The CS cases that do not suffer from a combination with XP are cancer free, indicating that developmental impairment and premature aging are not caused by non-repaired mutagenic UV lesions, although CS patients are frequently highly UV sensitive. The same type of UV sensitivity can also be found in UV-sensitivity syndrome (UVsS), a rarely diagnosed hypersensitivity of the skin to UV light [25][26]. UVsS can be caused by mutations in the CS factors CSA or CSB, but does not display the severe phenotype of CS. The cells from UVsS patients display the same DNA-repair defect as the CS cells [27], thus the DNA-repair defect cannot be responsible for the severe phenotype of CS patients. One difference between the UVsS and CS cells is that the latter are hypersensitive to oxidizing agents, and thereby undergo apoptosis when challenged with elevated ROS [26]. The hypersensitivity to oxidation also differentiates the combined XP/CS patient cells from the XP patient cells, indicating that this feature might explain the severe developmental and premature aging symptoms found in CS [28]. The NER proteins are involved in the repair of oxidative DNA lesions [29], however, an oxidative DNA-repair pathway that is specific for CS but not for XP has currently not been identified [19]. Either DNA [20], proteins [30] or lipids [29] might be oxidized and cause the chain of events that result in childhood degeneration and premature aging. Therefore, alternative hypotheses for the premature aging phenotype of CS are discussed [19][30]. One striking feature of all CS-proteins is that they are involved in the rate-limiting step of ribosomal biogenesis, transcription by RNA Pol I in the nucleolus [31][32][33][34][35].

4. Loss of RNA Pol I Transcription Leads to Mitochondrial Dysfunction

In a series of knockdown experiments, Scheibye-Knudsen et al. demonstrated that there is a close association between ribosomal transcription by RNA Pol I and mitochondrial function [36]. Loss of the CS proteins, CSA or CSB, inhibited rRNA transcription in neuroblastoma cell lines and subsequent microarray analyses revealed a pronounced upregulation of translational and mitochondrial pathways.

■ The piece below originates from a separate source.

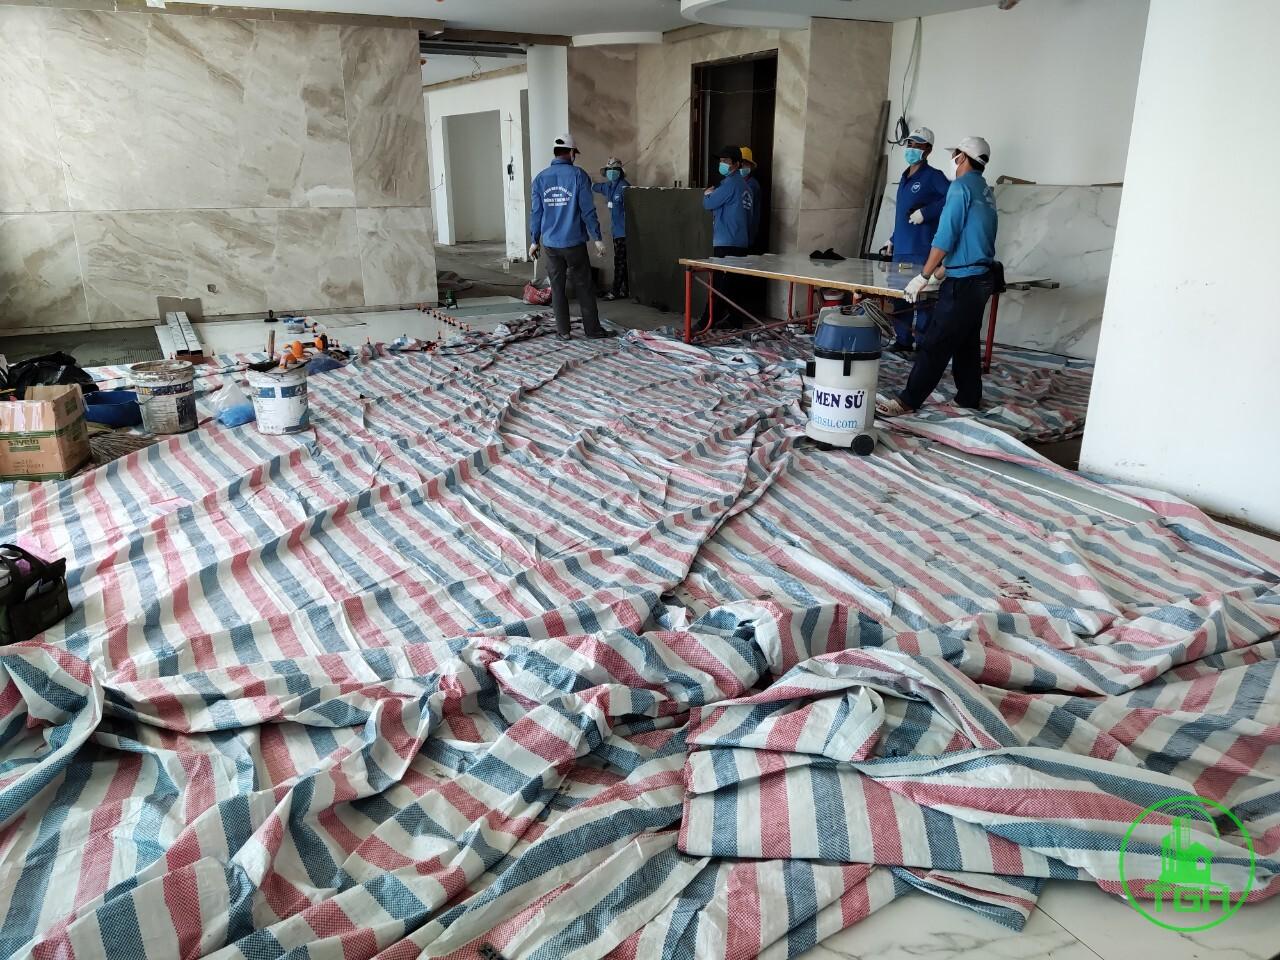 hiện trang khi sửa chữa chung cư

The specific inhibition of RNA Pol I transcription activity in different cell lines markedly raised mitochondrial membrane potential and superoxide production dependent on poly-ADP ribose polymerase 1 (PARP1). Ruling out that the mitochondrial phenotype is a consequence of translational deficiencies, the authors showed that transcriptional stalling at G4 quadruplex structures is enhanced in the absence of CSA or CSB and that CSB is able to resolve these transcription-obstacles. Interestingly, CSB overexpression in CSA-mutant patient cells could overcome mitochondrial phenotype and PARP1 activation. By avoiding replication effects through the usage of non-dividing cells, the authors demonstrated that treatment with the G4-stabilizing drug pyridostatin, or the RNA Pol I inhibitor CX5461, led to the PARP1 activation. This was followed by the loss of NAD+ and an increase of nicotinamide. Reassessing this chain of events in C. elegans, the authors demonstrated that inhibition of RNA Pol I transcription activity and stabilization of G4 quadruplex structures lead to accelerated aging and a shortened lifespan that could partially be rescued by a NAD+ precursor. Therefore, premature aging in CS is described as a consequence of a failure in the resolution of secondary DNA structures that are predominantly localized in the rDNA.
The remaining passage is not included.